For every technological advantage held by the Americans, the Taliban seemed to have an equivalent or a countermeasure. Apache helicopters have thermal imaging that reveals body heat on the mountainside, so Taliban fighters disappear by covering themselves in a blanket on a warm rock. The Americans use unmanned drones to pinpoint the enemy, but the Taliban can do the same thing by watching the flocks of crows that circle American soldiers, looking for scraps of food. The Americans have virtually unlimited firepower, so the Taliban send only one guy to take on an entire firebase.
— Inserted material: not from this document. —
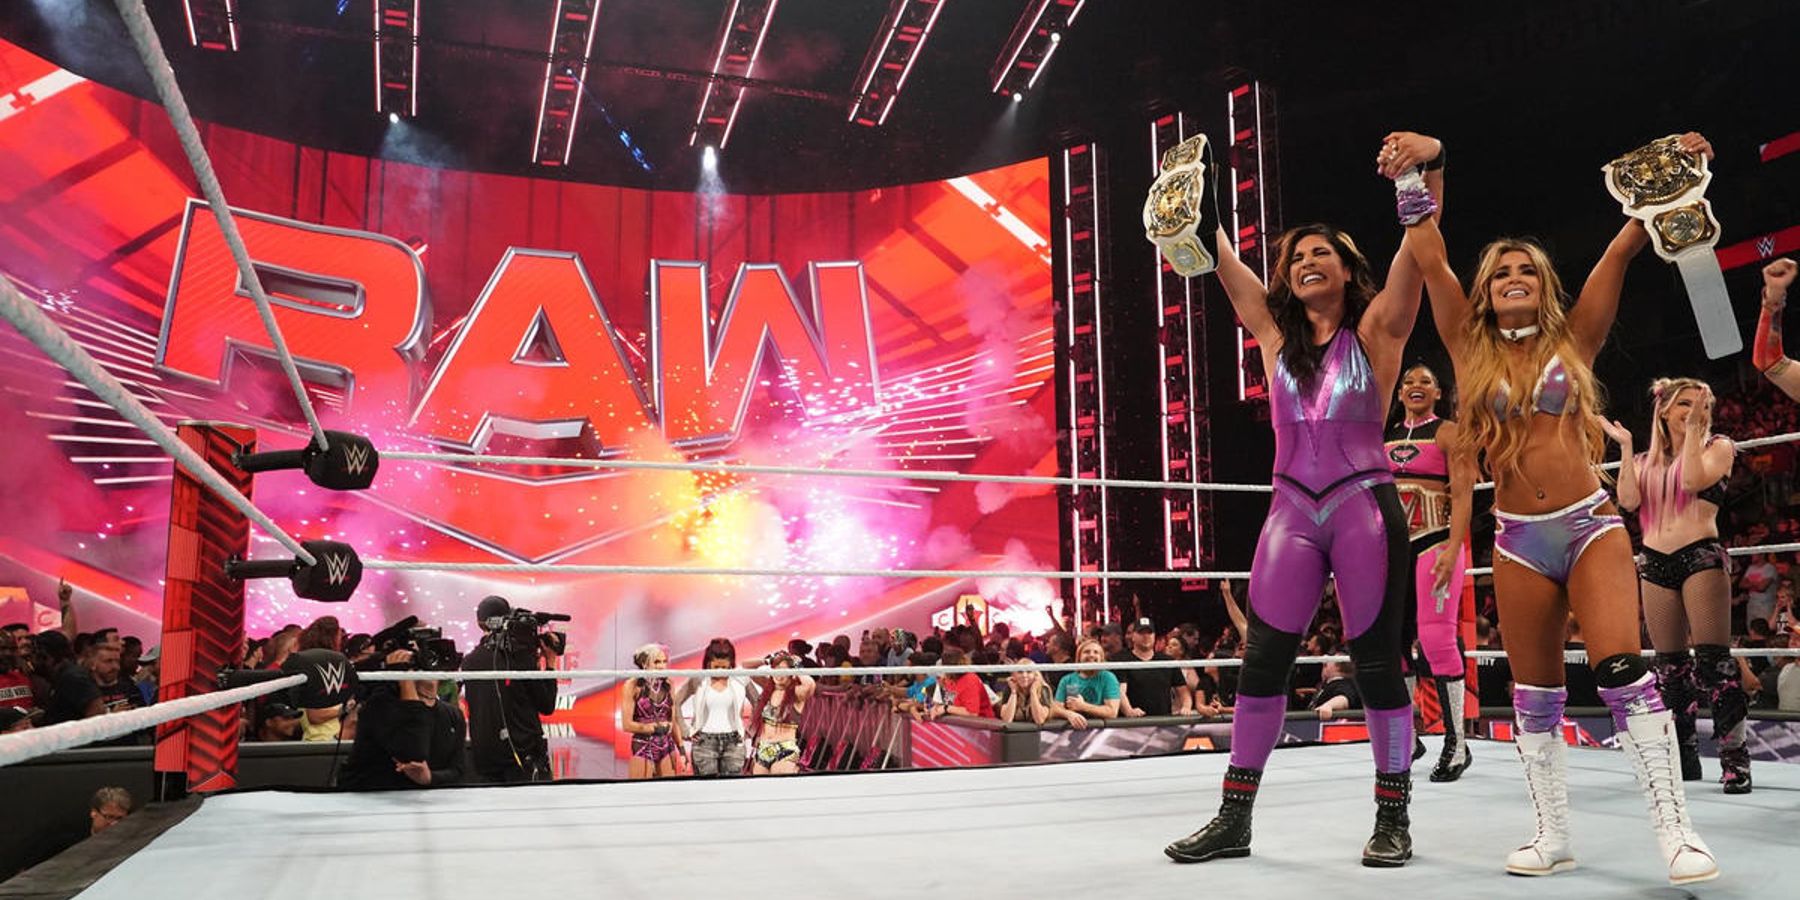 Raquel Rodriguez and Aliyah celebrate winning the WWE Women's Tag-Team Championship in 2022.

Whether or not he gets killed, he will have succeeded in gumming up the machine for yet one more day. “Everything in war is simple, but the simplest thing is difficult,” the military theorist Carl von Clausewitz wrote in the 1820s. “The difficulties accumulate and end by producing a kind of friction.”
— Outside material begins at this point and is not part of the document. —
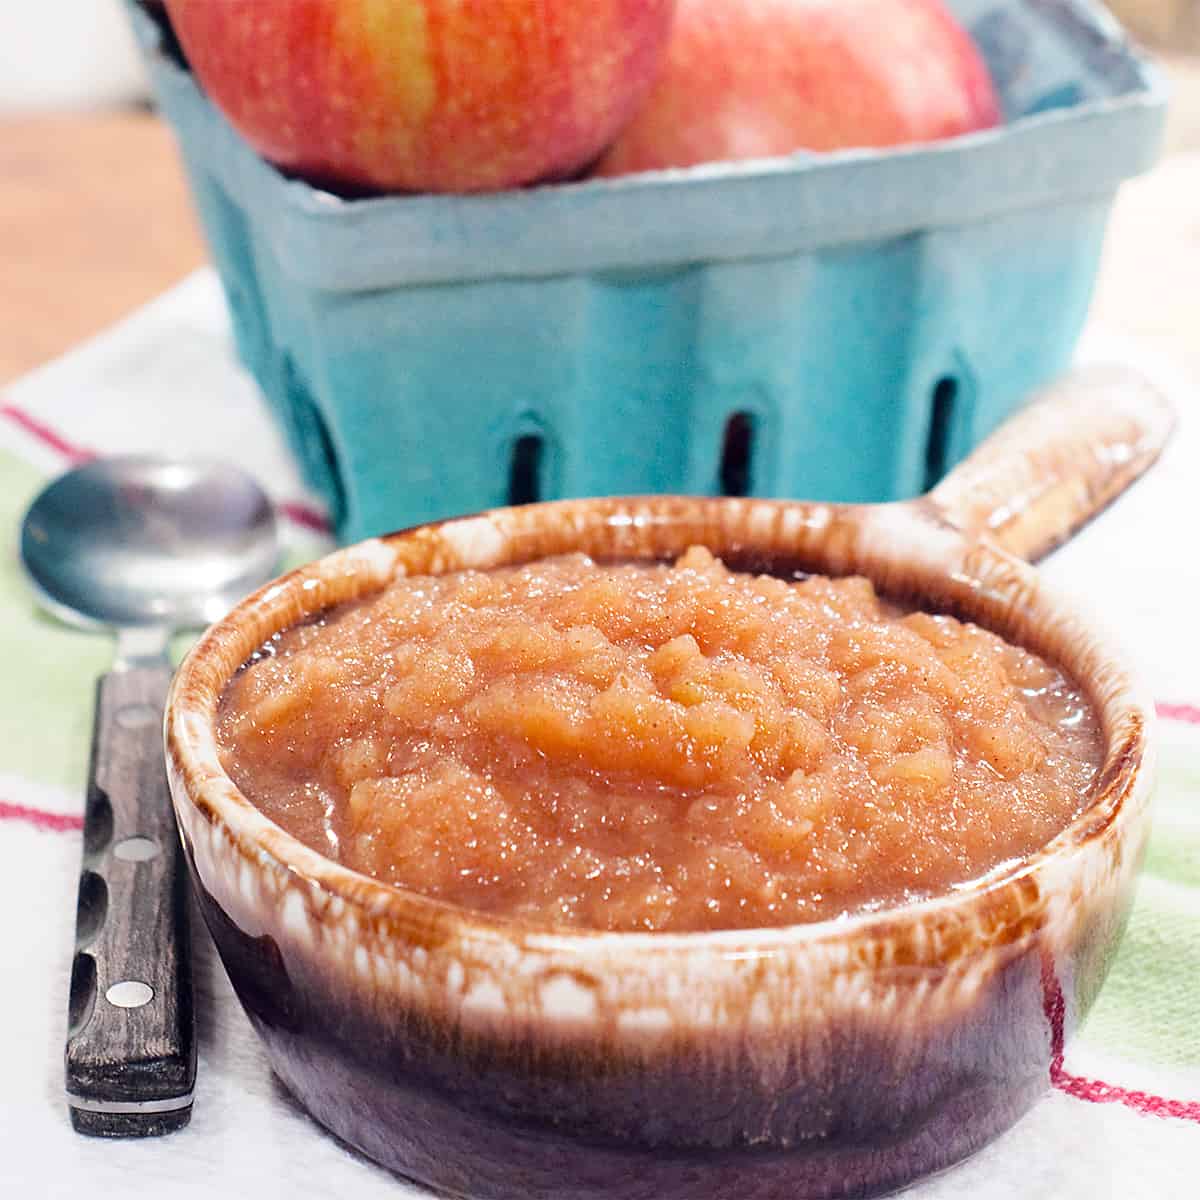 Bowl of applesauce with a basket of fresh apples on a kitchen towel.

That friction is the entire goal of the enemy in the valley; in some ways it works even better than killing. Three days later we’re in the mechanics’ bay waiting for the Pech resupply to come in, two Chinooks that run a slow route through the northeast every four days picking up men and dropping off food and ammo. Tim and I are leaving the valley, and the Pech is our way out. The men are on edge because the sniper has been at it all morning, and when the first Chinook comes in, it immediately takes fire from across the valley. A bullet goes up the gunner’s sleeve without breaking his skin and exits through the fuel tank. It was supposedly his first combat mission. After a while a Black Hawk makes it in and drops off the battalion commander, Colonel Ostlund, who strides across the LZ flanked by several officers and two Al Jazeera journalists in powder-blue ballistic vests. One of the officers sees us crouched behind the Hescos and realizes that something must be up. “DO WE HAVE A SITUATION HERE?” he shouts over the rotor noise.
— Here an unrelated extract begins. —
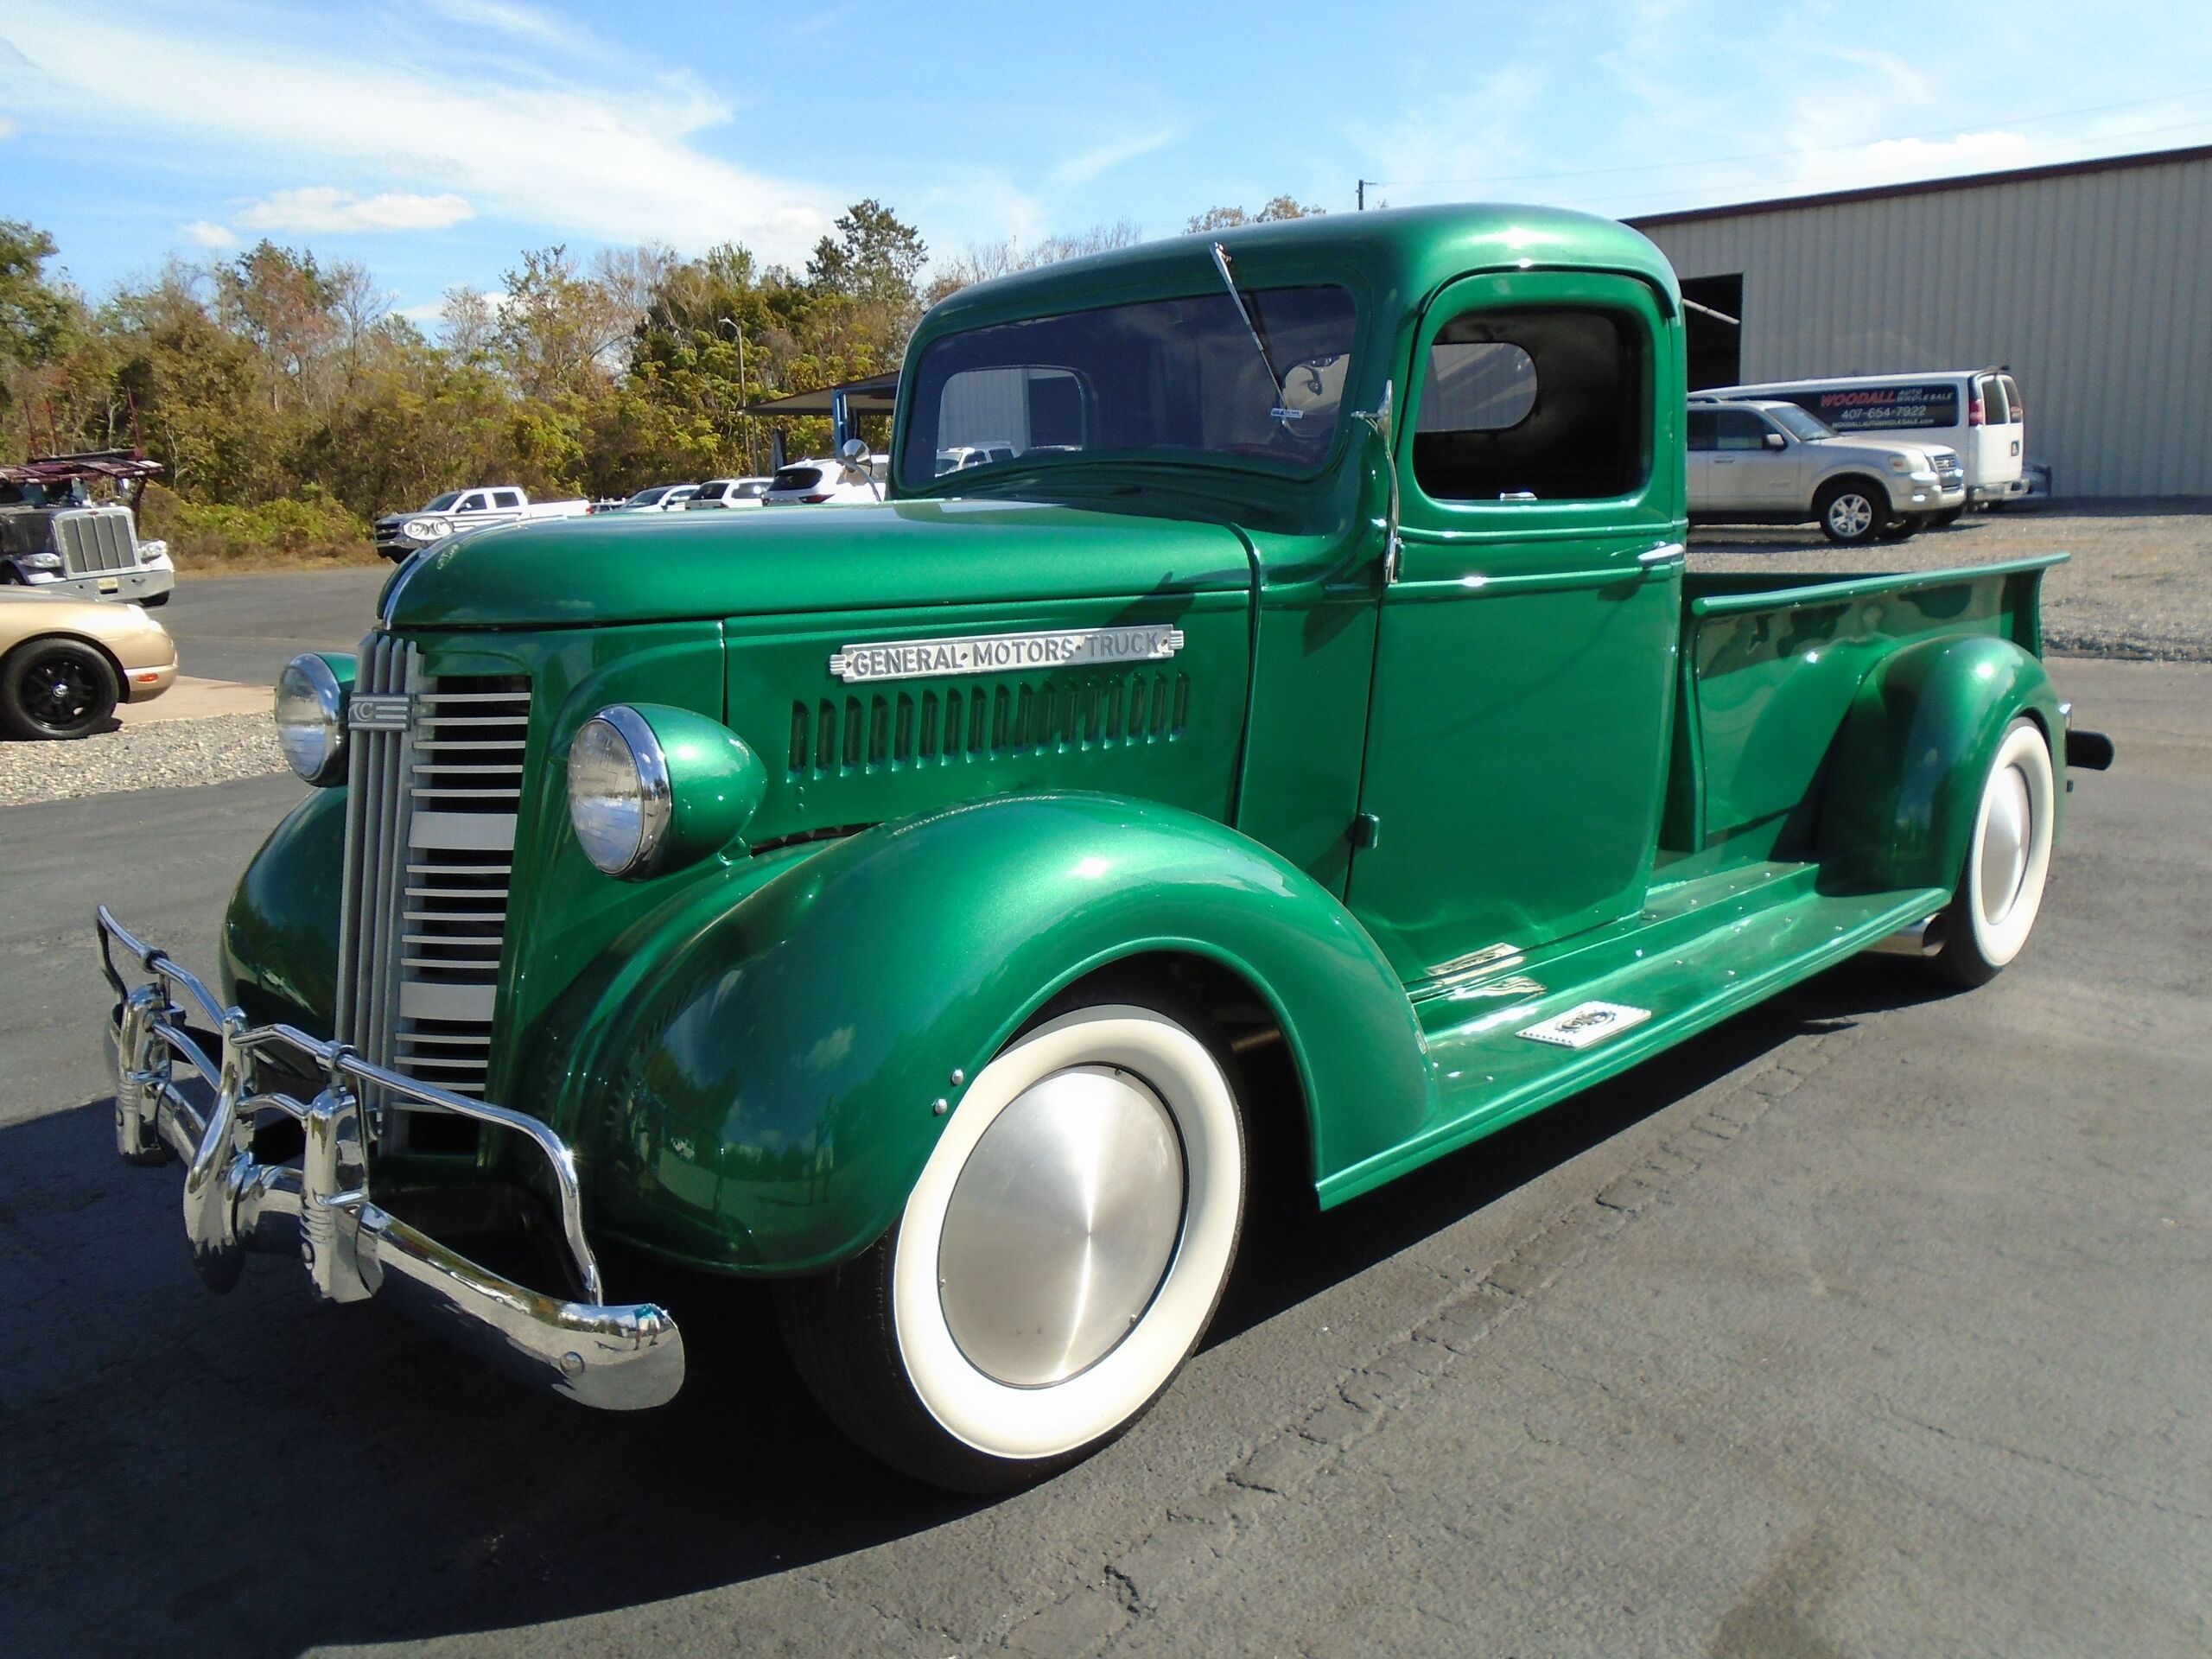 1937 GMC  Long bed  (Longbeds are rare) 1

Once again, a couple of guys with rifles have managed to jam up an entire company’s worth of infantry. Ostlund and his staff get back on the Black Hawk and head across the valley for Firebase Vegas. I’m standing next to a tall Marine named Cannon who tells me that the war here is way more intense than most people understand. While we’re talking the shooting starts up again, a staccato hammering that I now recognize as the .50 out at Vegas. Cannon is wearing a radio and gets a communication on the company net that I can’t quite understand.

“Vegas is in a TIC,” he says.

The mortars start firing and an A-10 tilts into its dive and starts working the Abas Ghar with its chain guns. A minute later Cannon’s radio squawks again. “One wounded at Vegas,” he repeats for me, and then, “The platoon sergeant was shot in the neck, he’s not breathing.”

Hunter, who is standing near us, overhears this and walks away. He’s a team leader in First Platoon and knows the sergeant well. His name is Matt Blaskowski, and he’s already received a Silver Star for dragging a wounded comrade to safety during a six-hour firefight in Zabul. A while later Cannon gets another radio update.